-- Data follows --

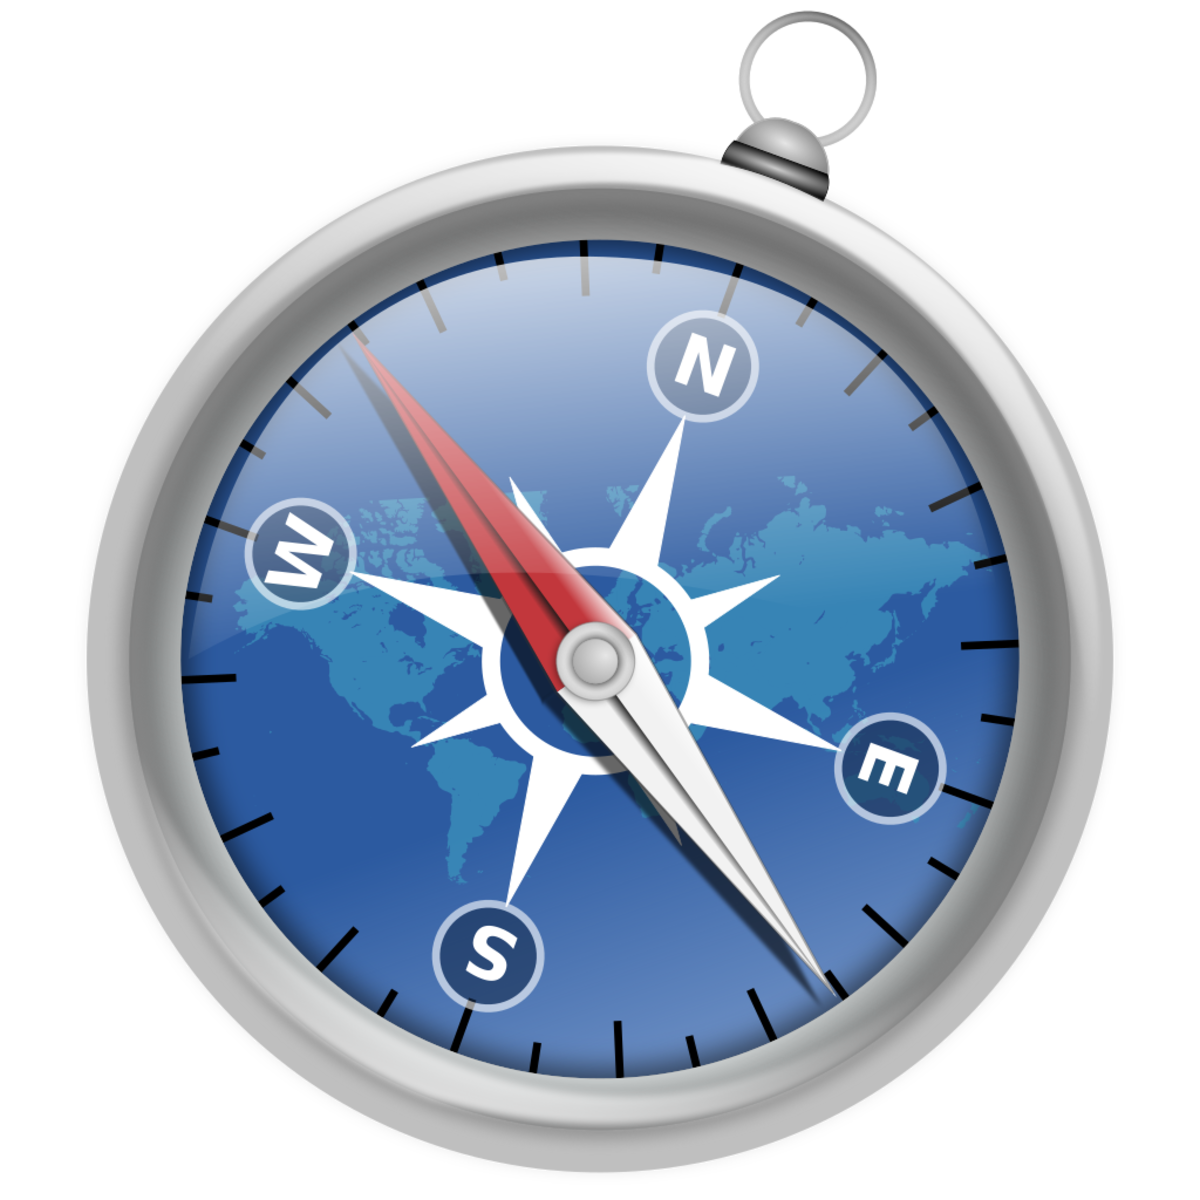 1024px-Compass_icon_matte.svg
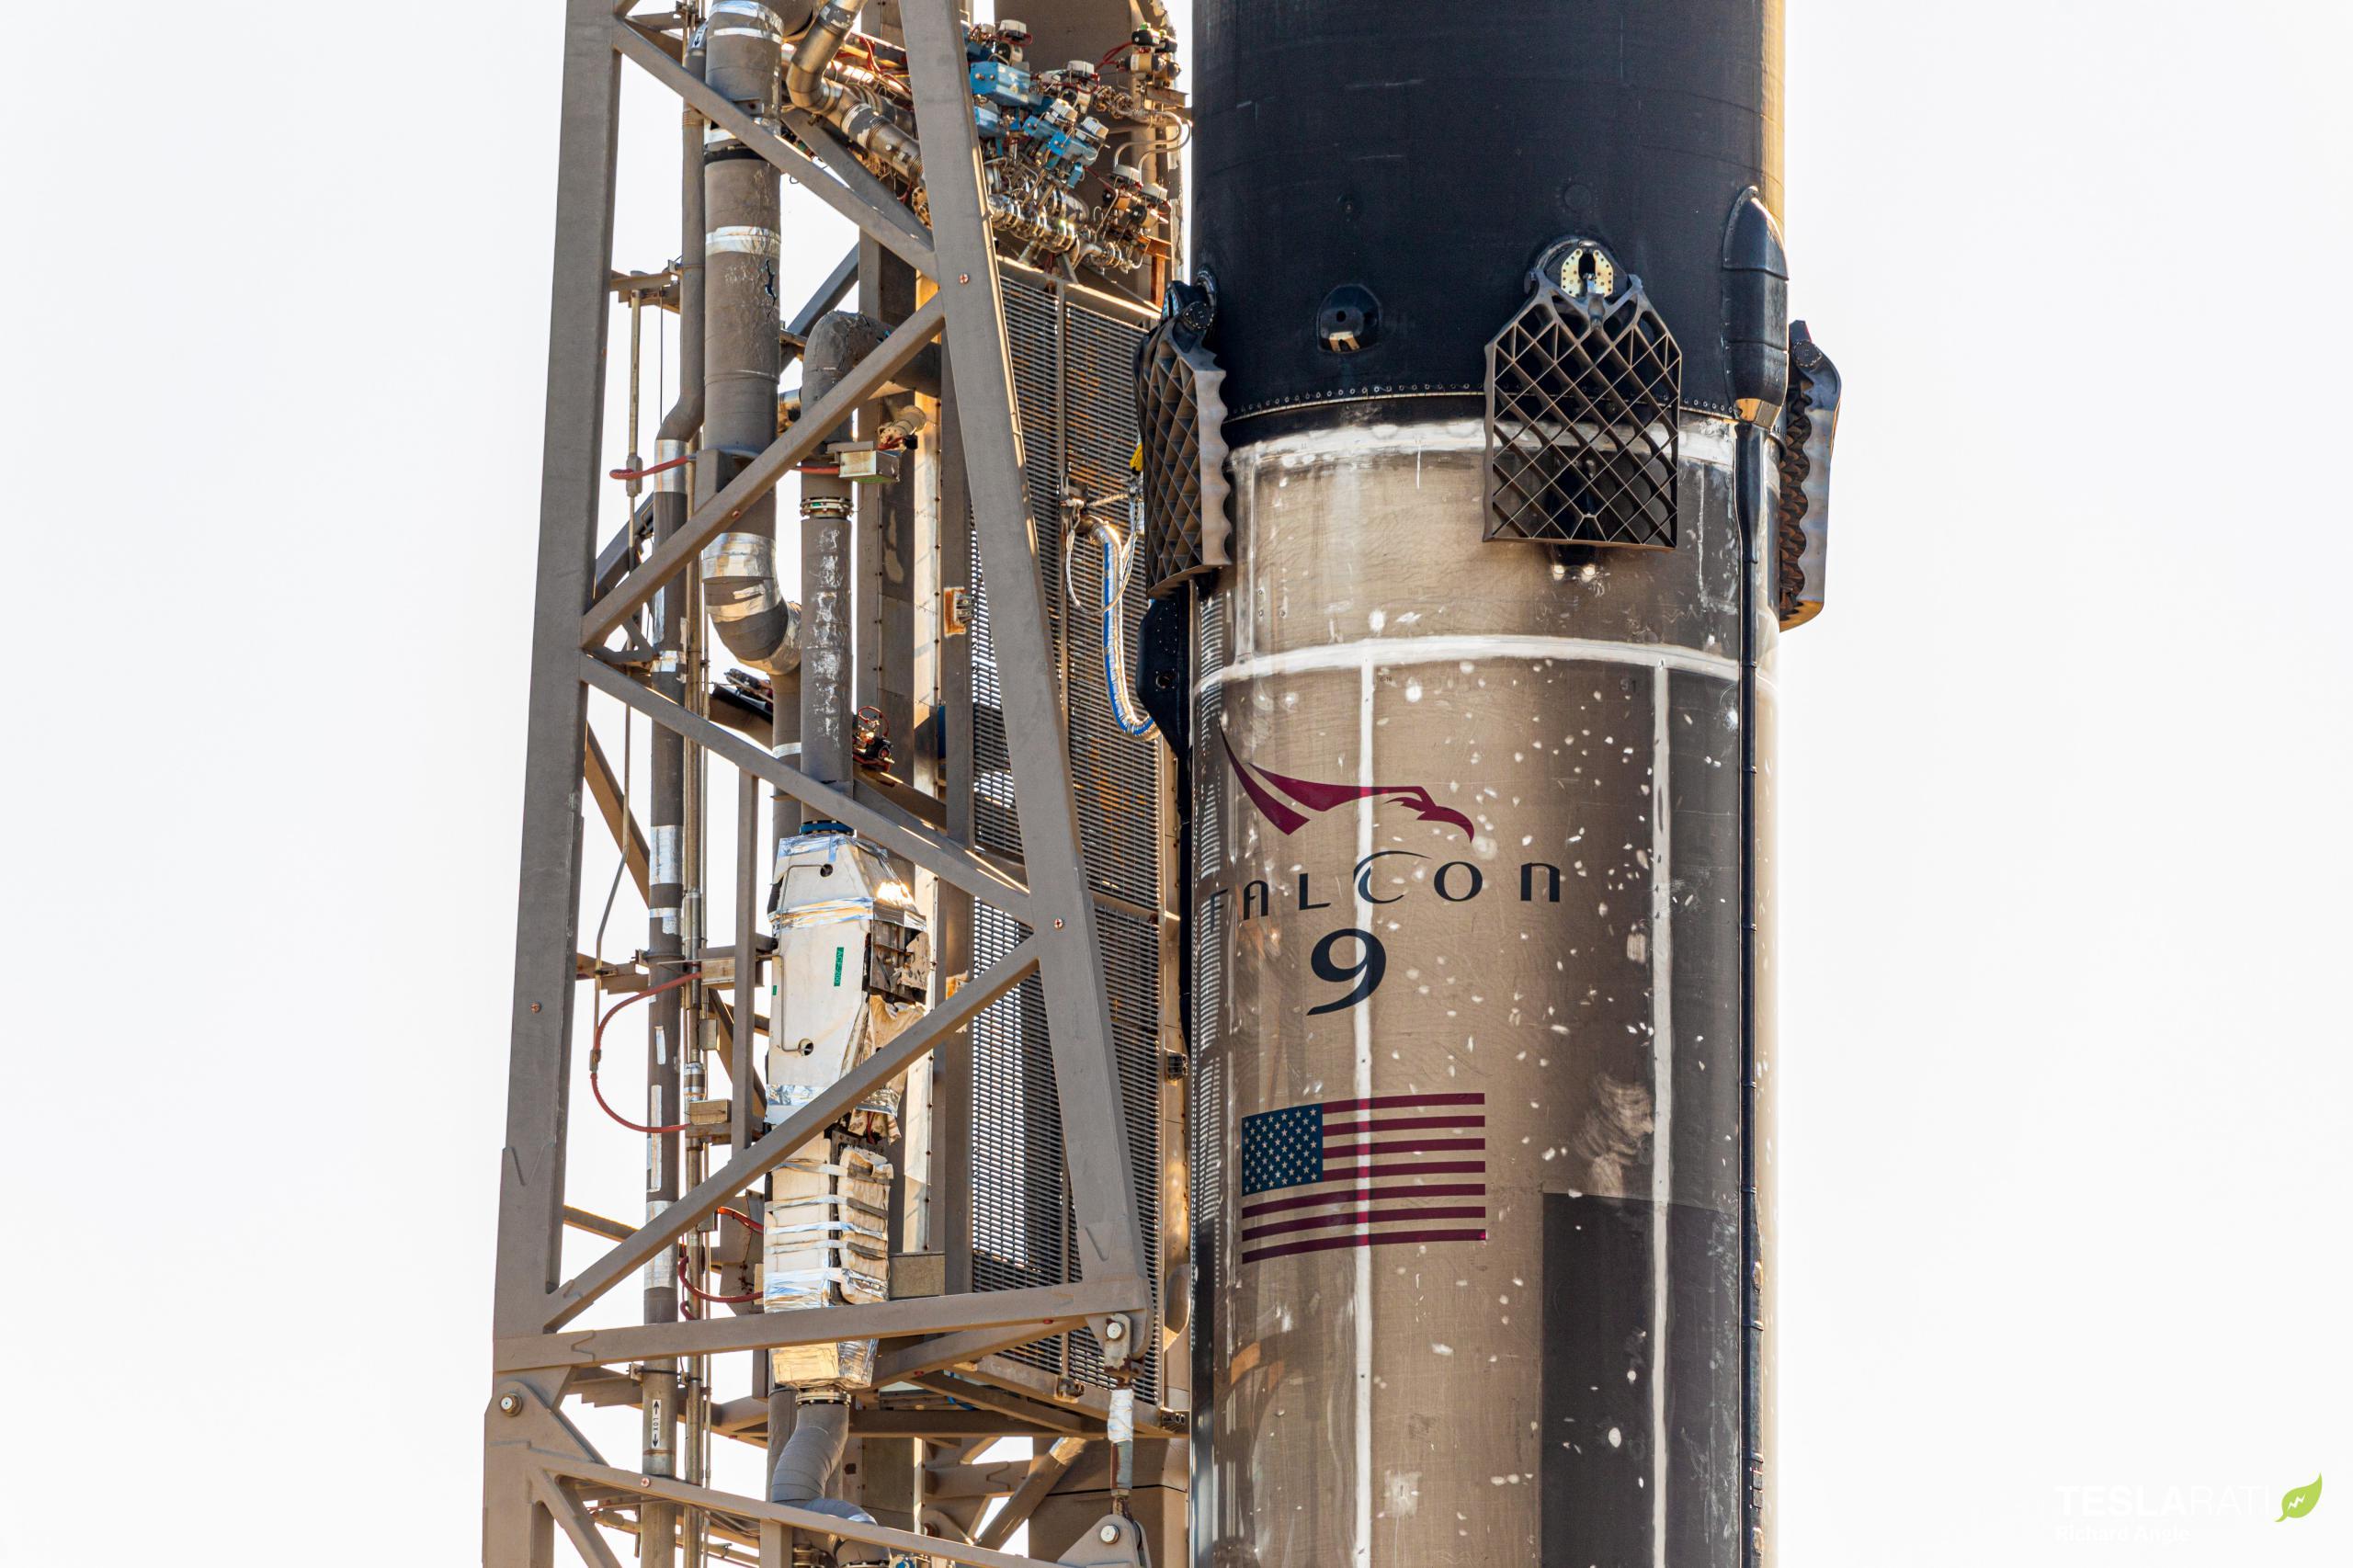 Starlink-27 Falcon 9 B1051 050921 (Richard Angle) prelaunch 2 (c)
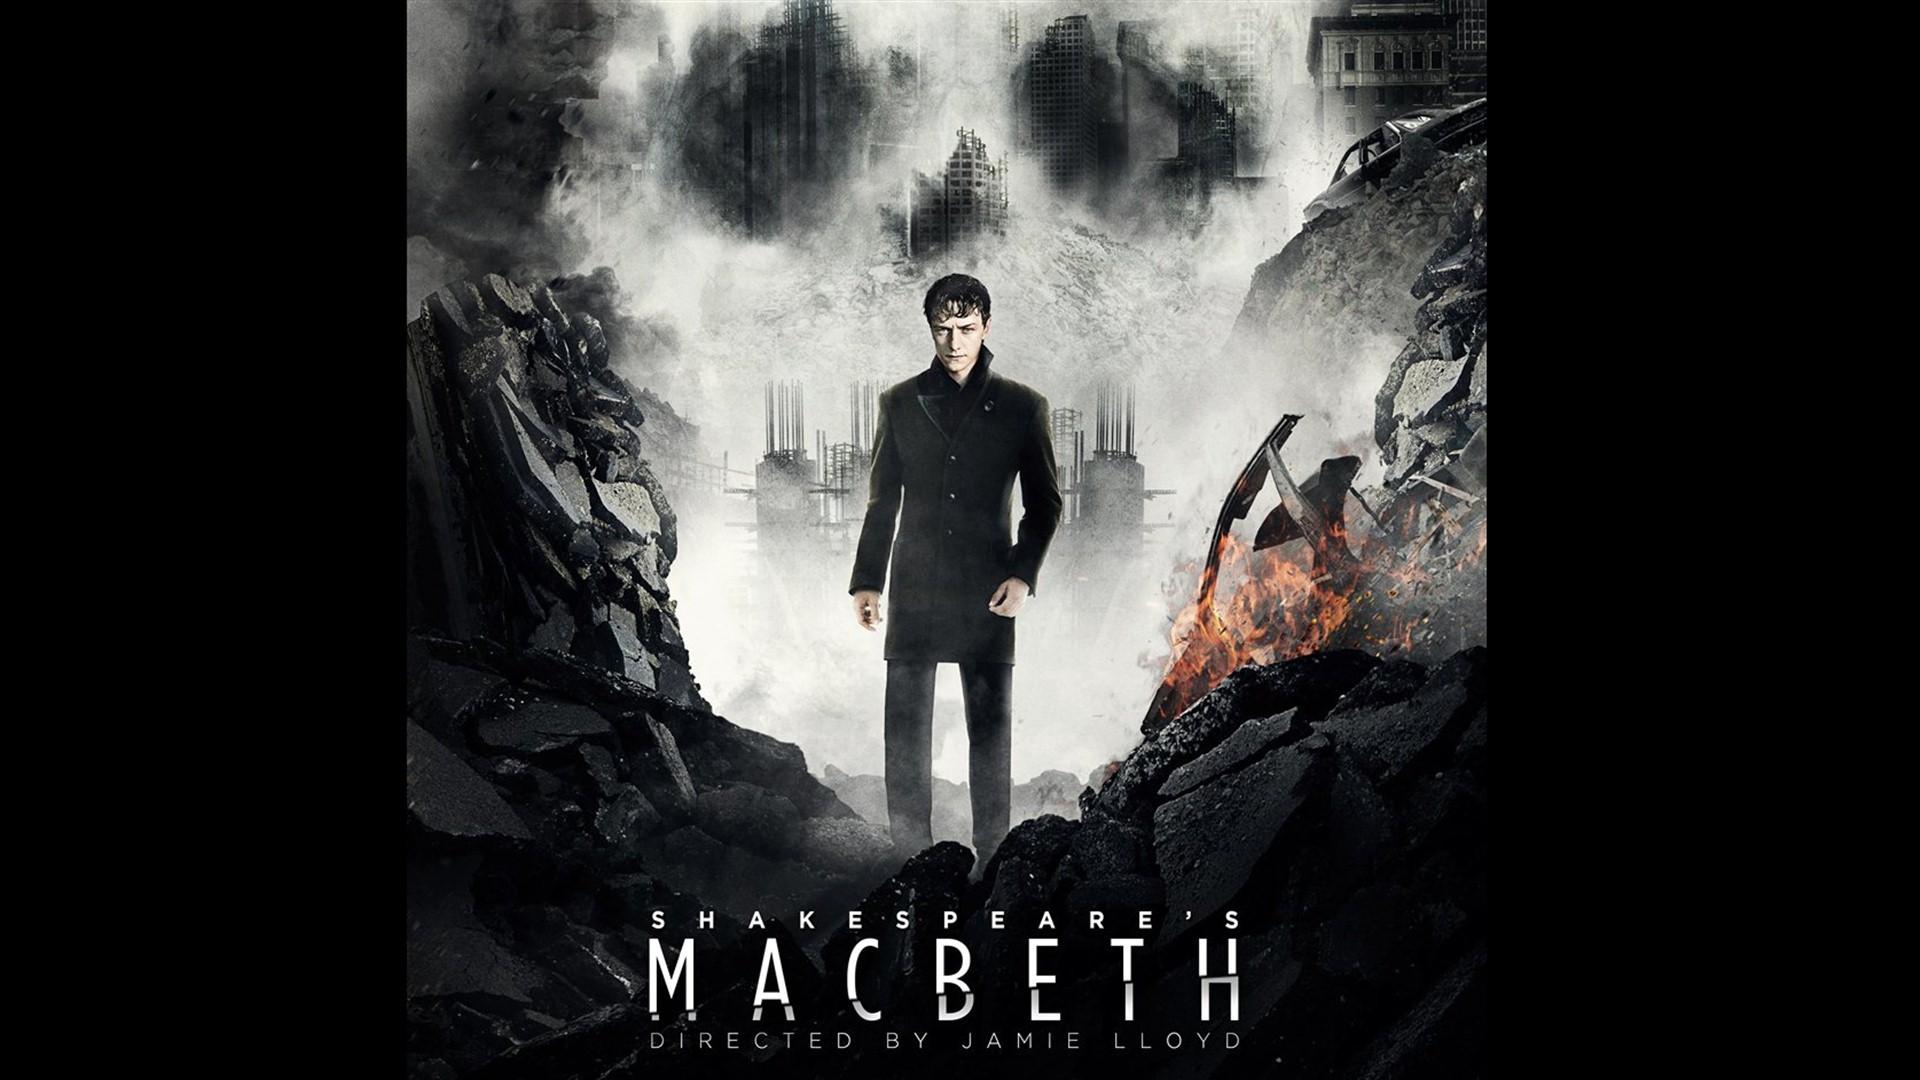 Macbeth Wallpapers 59 Images
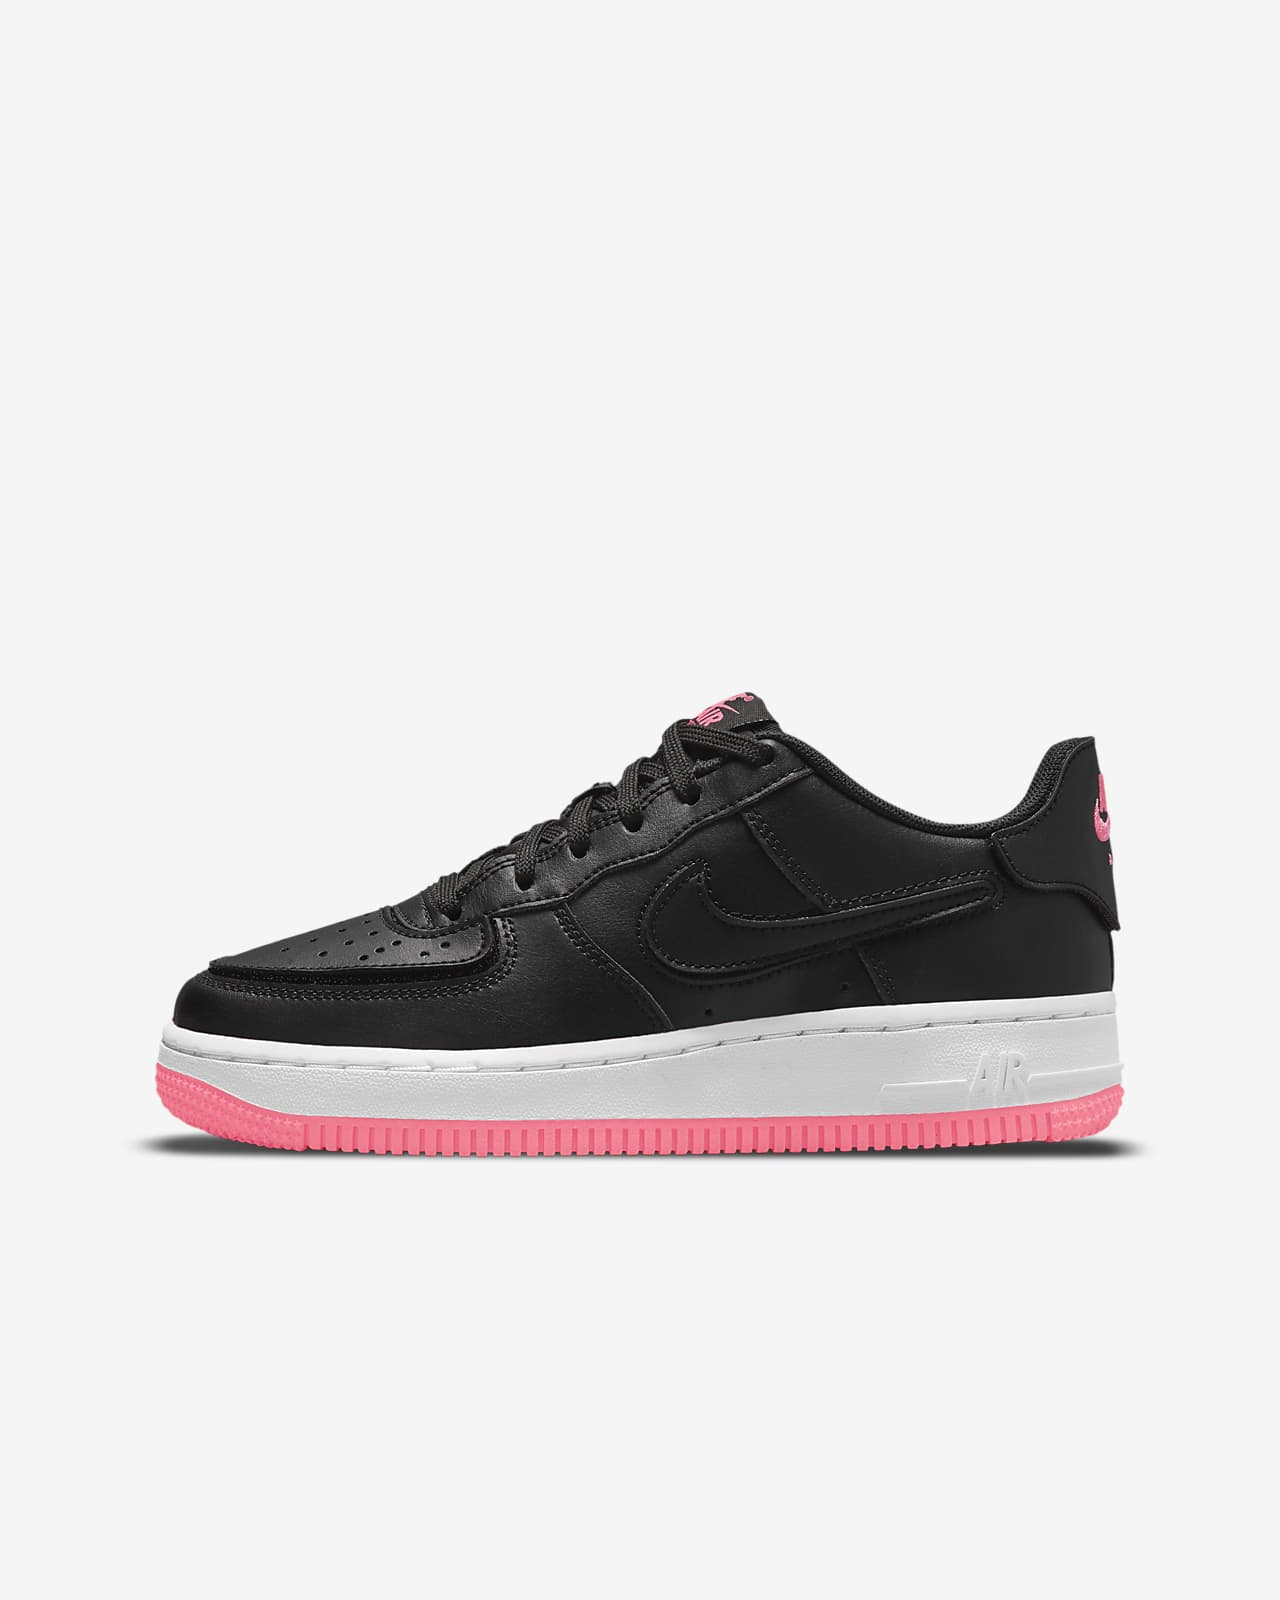 Nike Air Force 1/1 Kinderschoen

-- Data concluded --

The task ▸ Write out, exactly and only, the lines from the one containing "Macbeth Wallpapers 59 Images" through the last line of the material above. Pictures do not go in the copy.

Solution ▸
 Macbeth Wallpapers 59 Images
 Nike Air Force 1/1 Kinderschoen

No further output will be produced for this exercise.